Meanwhile, the electoral crisis remains in international headlines. Heads of state, politicians, human rights campaigners, church and civil society organisations, exiled Zimbabweans, students and thousands more groups and concerned individuals throughout the world have been coming out in protest at the refusal of Robert Mugabe to accept defeat and release his military stranglehold on Zimbabwe. Hundreds of thousands of people all over the world have been signing petitions, taking to the streets for demonstrations and lobbying their leaders to do what they can to end the crisis in Zimbabwe.

The UN Secretary General, Ban Ki-Moon, added his voice to those calling for an immediate release of results. On April 22, Ban is quoted as saying, "I urge the Zimbabwean authorities and the election commission to release the results as soon as possible."

South African ruling party leader Jacob Zuma said on April 22 that the situation in Zimbabwe was not acceptable and urged African leaders to intervene, as more of southern Africa's leading political leaders began to show signs they were getting fed up with Mugabe's government.

"It's not acceptable. It's not helping the Zimbabwean people who have gone out to . . . elect the kind of party and presidential candidate they want, exercising their constitutional right," Zuma told the press in Germany where he was on tour.

The president of the ruling African National Congress went on to emphasise that, "The electoral commission must issue the results because it is actually destroying its own credibility as an institution that is supposed to be neutral." Jacob Zuma spoke barely 24 hours after Zambia, which chairs the Southern African Development Community (SADC), urged regional states to bar a Chinese ship carrying weapons for Mugabe's government from docking at their ports, saying the weapons could deepen Zimbabwe's election crisis.

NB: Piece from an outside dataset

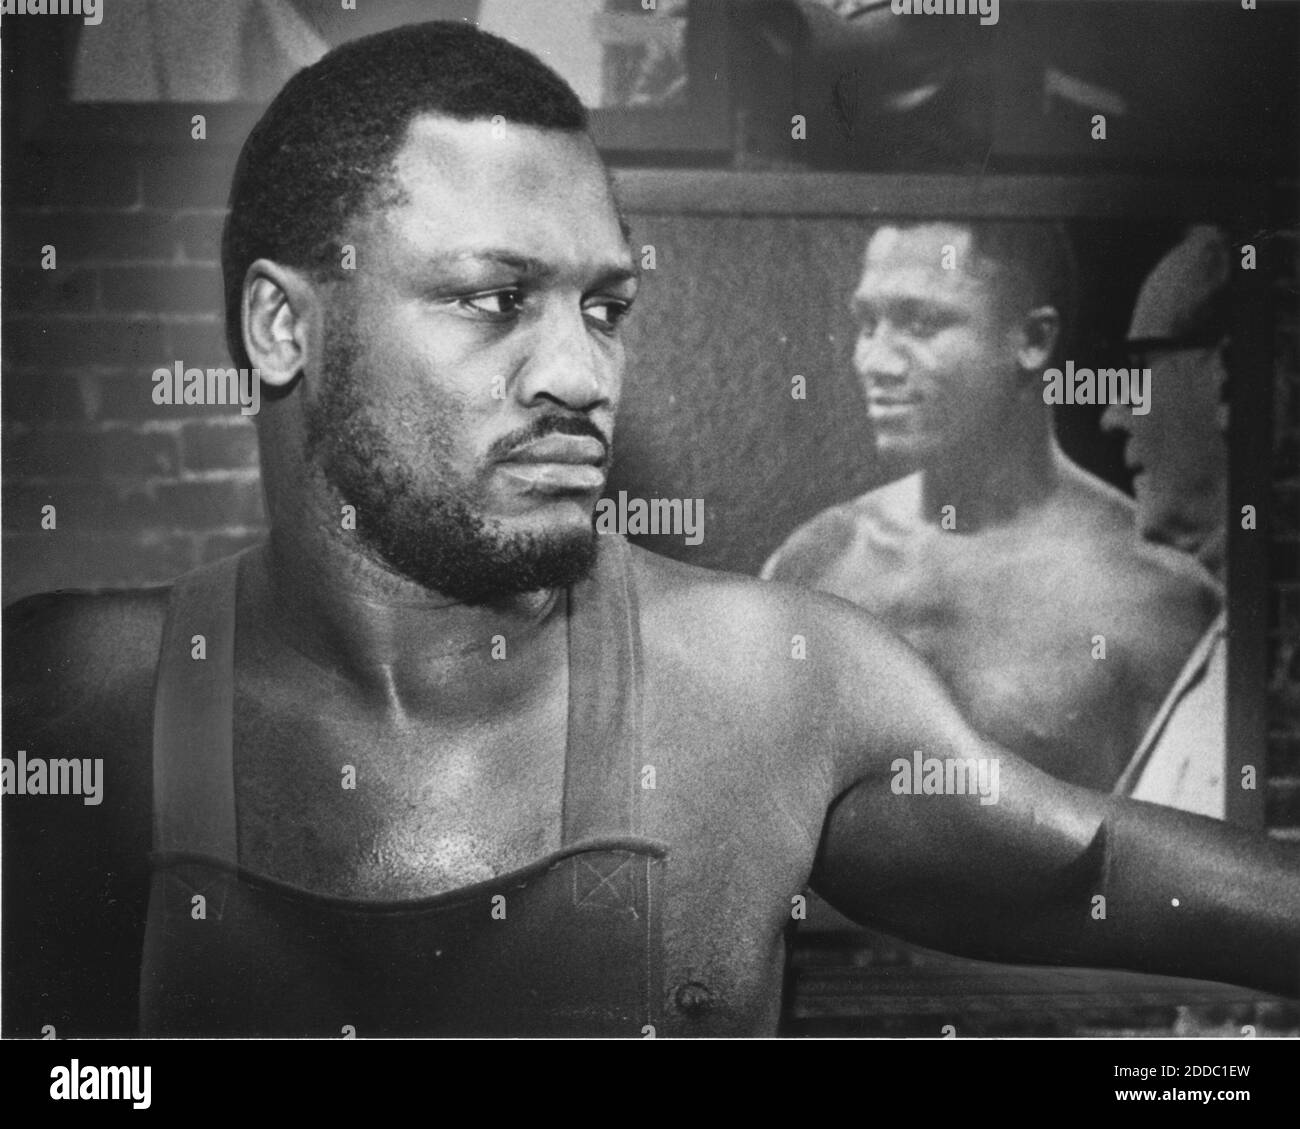 NO FILM, NO VIDEO, NO TV, NO DOCUMENTARY - Pictured in this 1981 file photo, Joe Frazier, the former heavyweight champion, has died. He was 67. Photo by Philadelphia Daily News/MCT/ABACAPRESS.COM Stock Photo

On the same day, Australian Foreign Minister, Stephen Smith, said Robert Mugabe is trying to steal the election and described the recount of ballots as "a sham". Speaking at a news conference, Smith urged Zimbabwe's neighbours and the international community to maintain pressure on the Mugabe regime to ensure the election was not stolen through a corrupted recount or by violent means.

In the UK, Foreign Secretary, David Miliband, issued a written statement to the House of Commons on April 21 urging African countries to take a stand against Mugabe's blatant attempts to rig the elections. Miliband went further to warn that the three-week delay posed "a threat to democracy" on the continent.

Speaking in Nairobi on April 19, former United Nations Secretary-General, Kofi Annan, urged African leaders to intervene urgently. "The question that has been posed is where are the Africans? Where are the leaders of the countries in the region, what are they doing, how can they help the situation? It is a serious crisis with impact beyond Zimbabwe."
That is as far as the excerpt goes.